> Provided data:
========================================

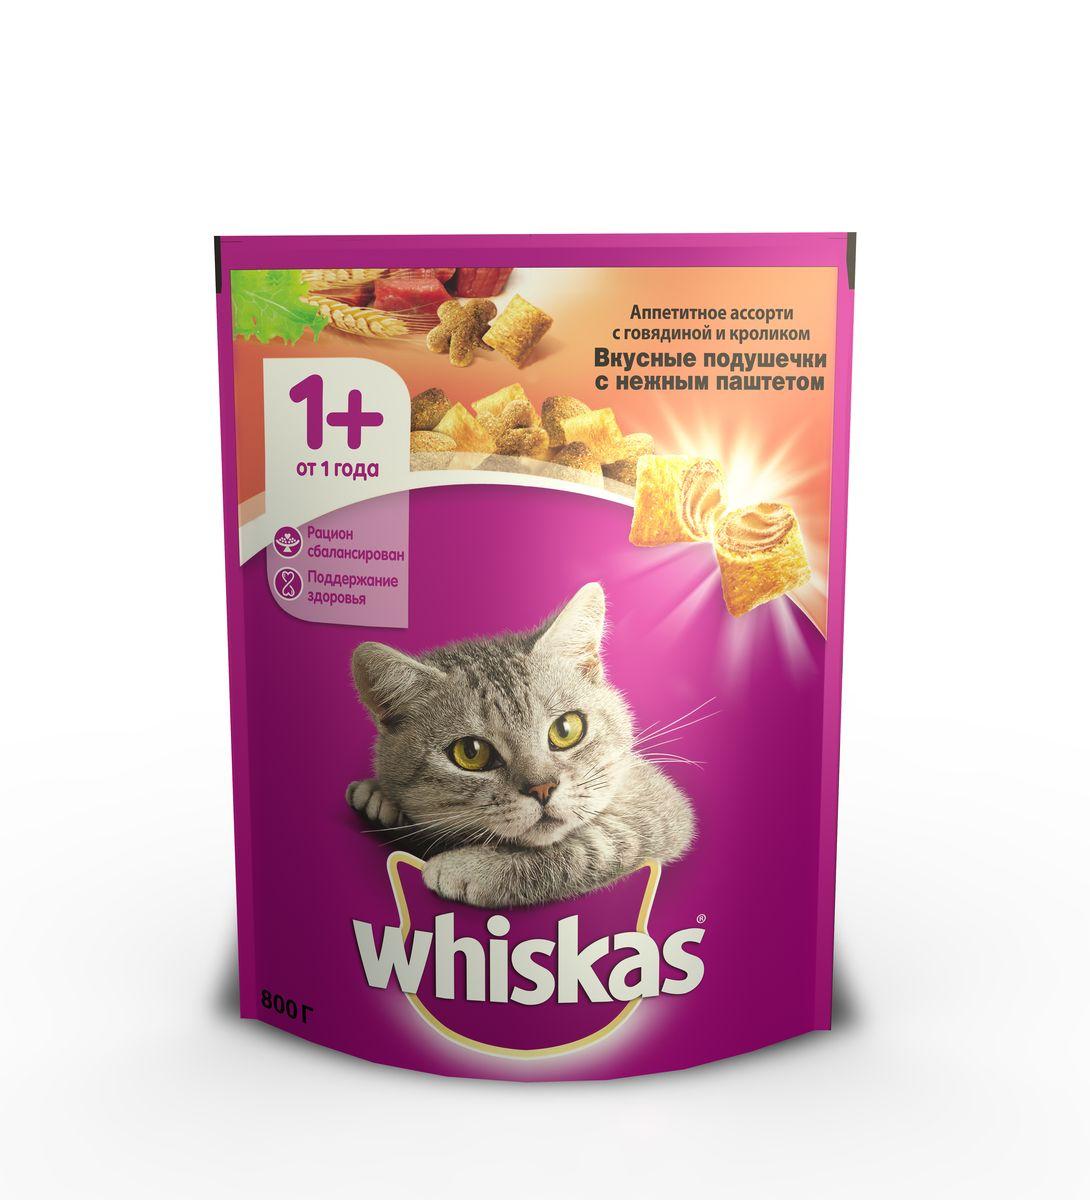 Корм сухой Whiskas для взрослых кошек, подушечки с паштетом с говядиной и кроликом, 800 г41356Корм сухой Whiskas - это полнорационный сухой корм для взрослых кошек от 1 года. Вашей кошке обязательно понравятся вкусные подушечки с аппетитной хрустящей корочкой снаружи и нежным паштетом внутри. В составе корма есть все, чтобы позаботиться о вашей любимице, ведь ее рацион должен быть не только вкусным, но и тщательно сбалансированным. В корме в правильных пропорциях собраны все необходимые витамины и минералы, белки, жиры и углеводы, чтобы поддержать ее здоровье. Особенности: - Оптимальное соотношение питательных веществ и нутриентов для поддержания обмена веществ; - Витамин Е и цинк для иммунитета; - Омега-6 и цинк для здоровья кожи и шерсти; - Баланс кальция и фосфора для здоровья костей; - Витамин А и таурин для хорошего зрения; - Высокоусвояемые ингредиенты и клетчатка для пищеварения; - Сухая текстура корма для удаления зубного налета. Состав: пшеничная мука, мука животного происхождения: мука из птицы,...
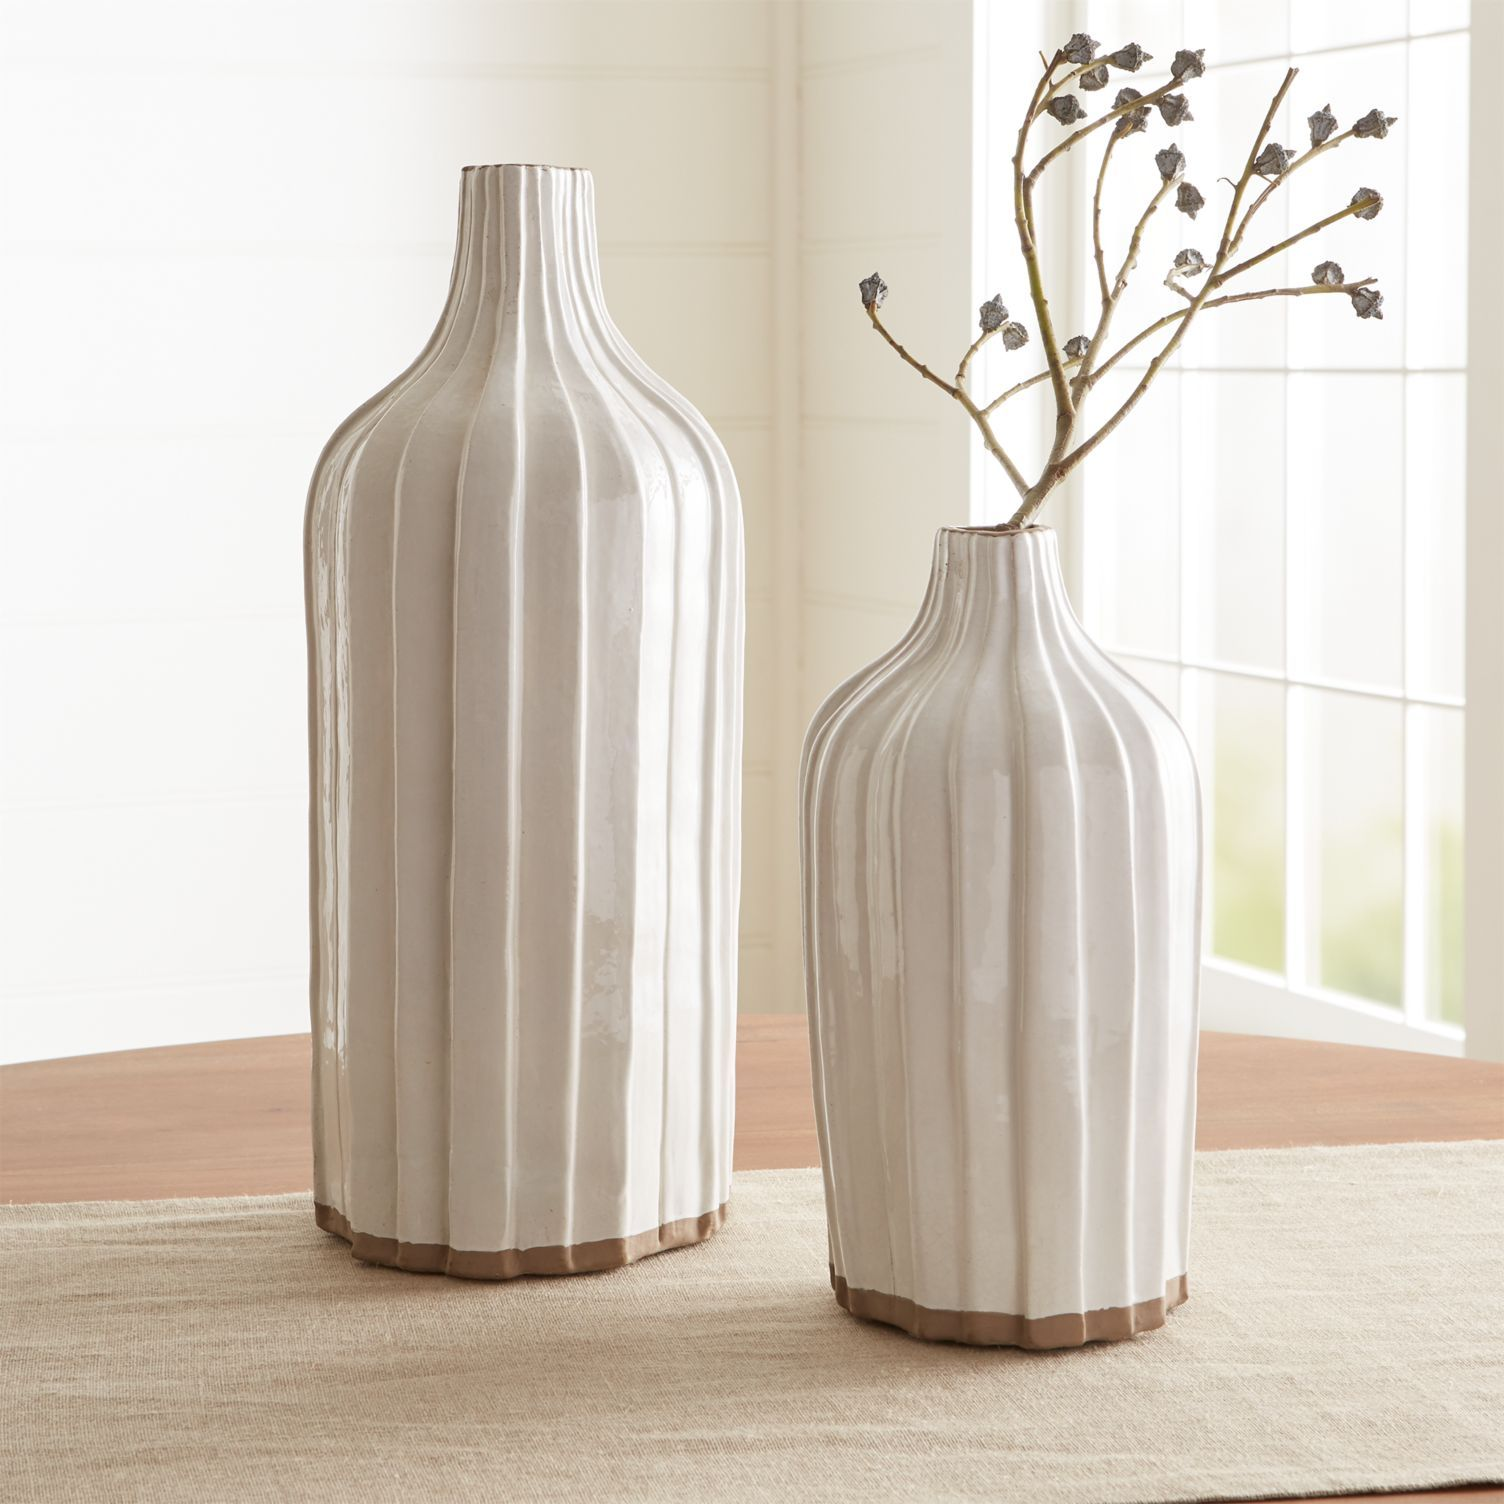 Designer Sample Sale Contemporary Craft Ceramic Vase Beachy Minimalist Blue /& White Textured Vase
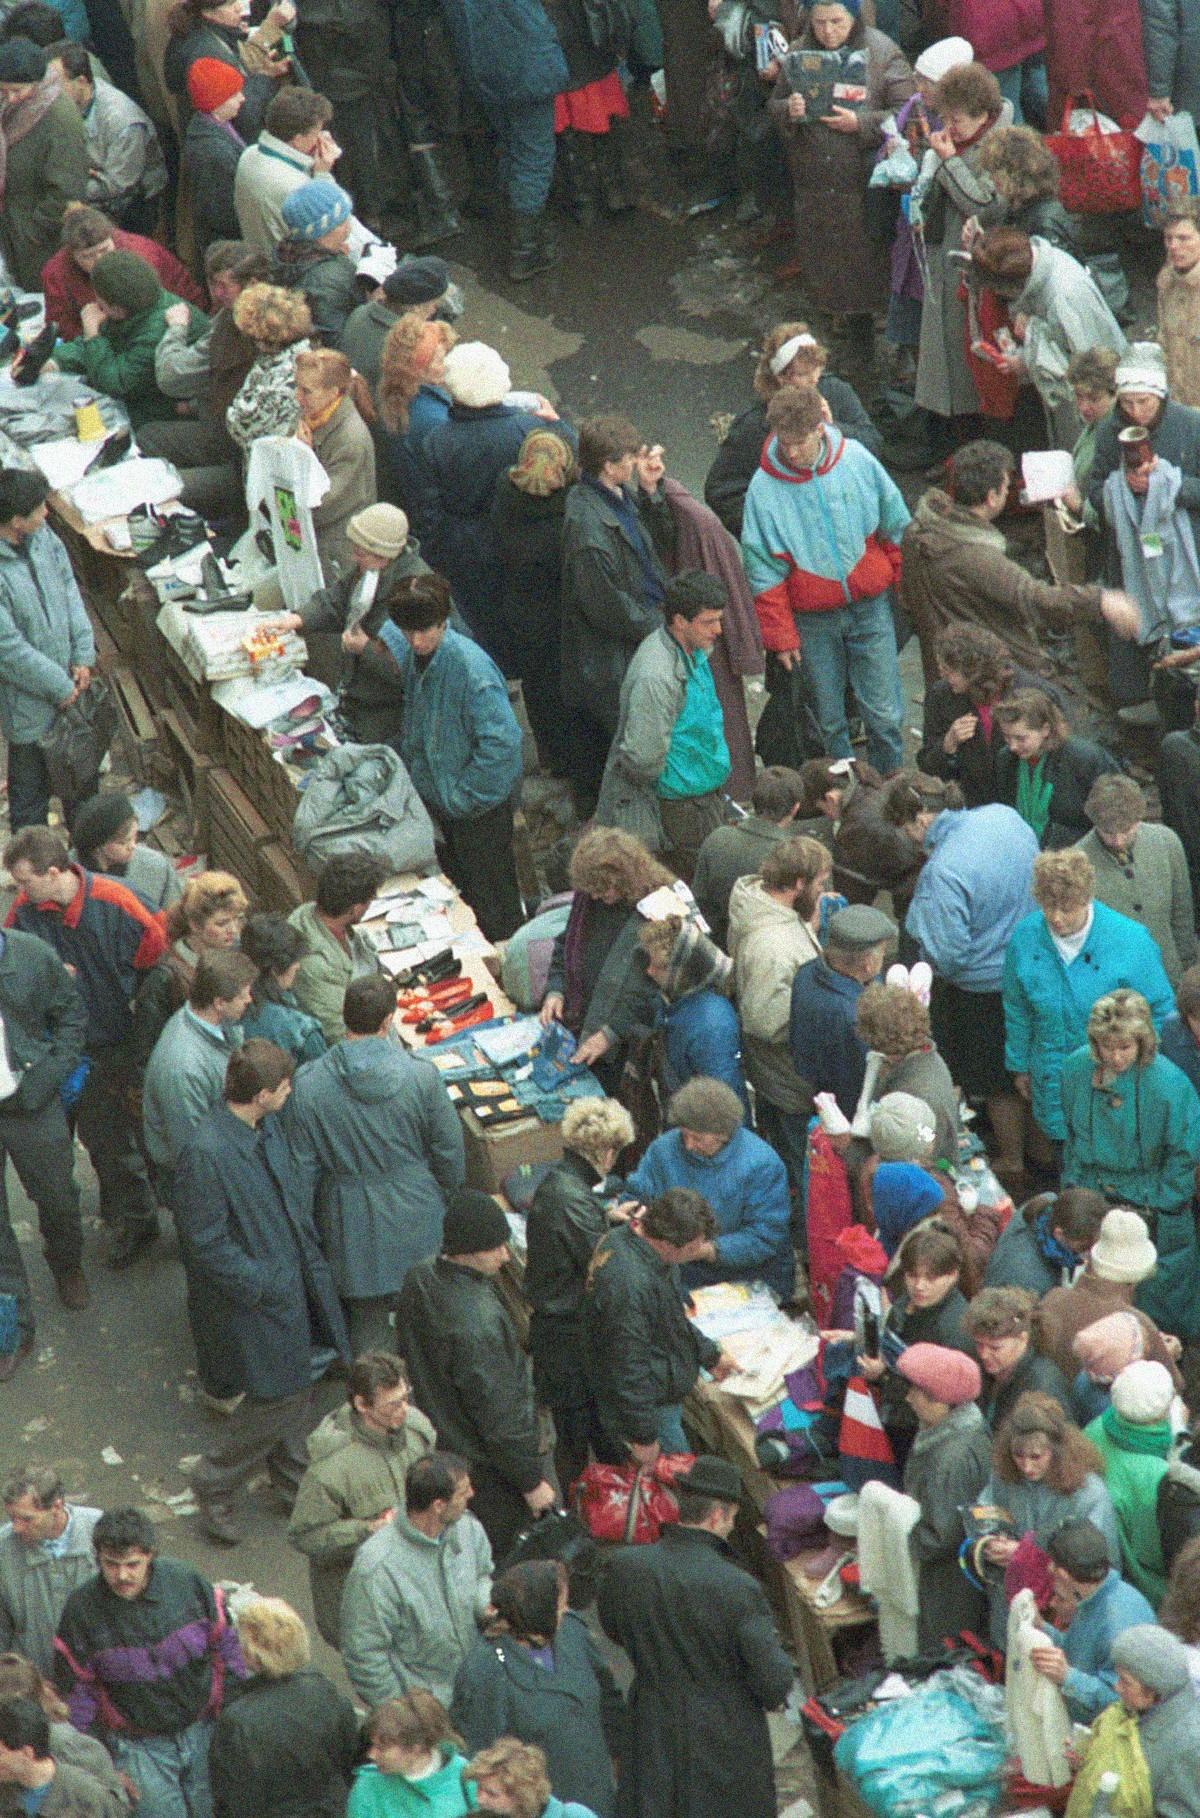 Prodajalci na ulici blizu osrednje otroške veleblagovnice Detskij mir v Moskvi

========================================

> To do: Exactly and only the lines from the one holding "Designer Sample Sale" through the final line of the material must be returned, both ends included, without any pictures.

> Your solution:
 Designer Sample Sale Contemporary Craft Ceramic Vase Beachy Minimalist Blue /& White Textured Vase
 Prodajalci na ulici blizu osrednje otroške veleblagovnice Detskij mir v Moskvi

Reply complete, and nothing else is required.